_About this exercise_:
A verbatim copy of the data below is the required output.

-------------------------

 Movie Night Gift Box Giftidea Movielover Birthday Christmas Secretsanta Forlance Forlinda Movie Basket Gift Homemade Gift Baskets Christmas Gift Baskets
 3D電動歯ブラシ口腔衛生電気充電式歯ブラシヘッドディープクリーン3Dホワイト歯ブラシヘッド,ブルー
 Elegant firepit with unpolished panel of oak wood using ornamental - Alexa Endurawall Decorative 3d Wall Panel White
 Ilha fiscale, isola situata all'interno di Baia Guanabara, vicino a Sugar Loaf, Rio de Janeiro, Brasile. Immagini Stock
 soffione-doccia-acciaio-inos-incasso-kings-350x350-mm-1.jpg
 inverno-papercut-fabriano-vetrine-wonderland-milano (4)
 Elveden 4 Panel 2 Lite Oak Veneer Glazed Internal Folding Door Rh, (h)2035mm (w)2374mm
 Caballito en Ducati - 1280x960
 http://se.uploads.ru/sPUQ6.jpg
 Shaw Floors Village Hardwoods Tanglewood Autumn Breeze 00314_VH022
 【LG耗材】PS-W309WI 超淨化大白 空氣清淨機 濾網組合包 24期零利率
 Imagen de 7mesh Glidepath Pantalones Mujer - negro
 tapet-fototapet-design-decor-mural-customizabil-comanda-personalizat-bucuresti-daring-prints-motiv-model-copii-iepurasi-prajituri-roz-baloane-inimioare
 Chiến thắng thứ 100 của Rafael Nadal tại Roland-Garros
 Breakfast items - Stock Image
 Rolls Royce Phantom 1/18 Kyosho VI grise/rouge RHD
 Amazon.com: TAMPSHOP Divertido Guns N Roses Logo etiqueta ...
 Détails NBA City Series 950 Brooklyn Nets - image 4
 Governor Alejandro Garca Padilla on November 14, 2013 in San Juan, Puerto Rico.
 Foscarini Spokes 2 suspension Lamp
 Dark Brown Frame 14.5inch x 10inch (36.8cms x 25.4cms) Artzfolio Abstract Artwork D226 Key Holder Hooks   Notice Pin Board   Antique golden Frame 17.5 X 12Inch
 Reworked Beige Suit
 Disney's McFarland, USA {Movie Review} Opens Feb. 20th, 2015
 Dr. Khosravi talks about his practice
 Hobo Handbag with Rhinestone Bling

-------------------------

_Worked solution_:
 Movie Night Gift Box Giftidea Movielover Birthday Christmas Secretsanta Forlance Forlinda Movie Basket Gift Homemade Gift Baskets Christmas Gift Baskets
 3D電動歯ブラシ口腔衛生電気充電式歯ブラシヘッドディープクリーン3Dホワイト歯ブラシヘッド,ブルー
 Elegant firepit with unpolished panel of oak wood using ornamental - Alexa Endurawall Decorative 3d Wall Panel White
 Ilha fiscale, isola situata all'interno di Baia Guanabara, vicino a Sugar Loaf, Rio de Janeiro, Brasile. Immagini Stock
 soffione-doccia-acciaio-inos-incasso-kings-350x350-mm-1.jpg
 inverno-papercut-fabriano-vetrine-wonderland-milano (4)
 Elveden 4 Panel 2 Lite Oak Veneer Glazed Internal Folding Door Rh, (h)2035mm (w)2374mm
 Caballito en Ducati - 1280x960
 http://se.uploads.ru/sPUQ6.jpg
 Shaw Floors Village Hardwoods Tanglewood Autumn Breeze 00314_VH022
 【LG耗材】PS-W309WI 超淨化大白 空氣清淨機 濾網組合包 24期零利率
 Imagen de 7mesh Glidepath Pantalones Mujer - negro
 tapet-fototapet-design-decor-mural-customizabil-comanda-personalizat-bucuresti-daring-prints-motiv-model-copii-iepurasi-prajituri-roz-baloane-inimioare
 Chiến thắng thứ 100 của Rafael Nadal tại Roland-Garros
 Breakfast items - Stock Image
 Rolls Royce Phantom 1/18 Kyosho VI grise/rouge RHD
 Amazon.com: TAMPSHOP Divertido Guns N Roses Logo etiqueta ...
 Détails NBA City Series 950 Brooklyn Nets - image 4
 Governor Alejandro Garca Padilla on November 14, 2013 in San Juan, Puerto Rico.
 Foscarini Spokes 2 suspension Lamp
 Dark Brown Frame 14.5inch x 10inch (36.8cms x 25.4cms) Artzfolio Abstract Artwork D226 Key Holder Hooks   Notice Pin Board   Antique golden Frame 17.5 X 12Inch
 Reworked Beige Suit
 Disney's McFarland, USA {Movie Review} Opens Feb. 20th, 2015
 Dr. Khosravi talks about his practice
 Hobo Handbag with Rhinestone Bling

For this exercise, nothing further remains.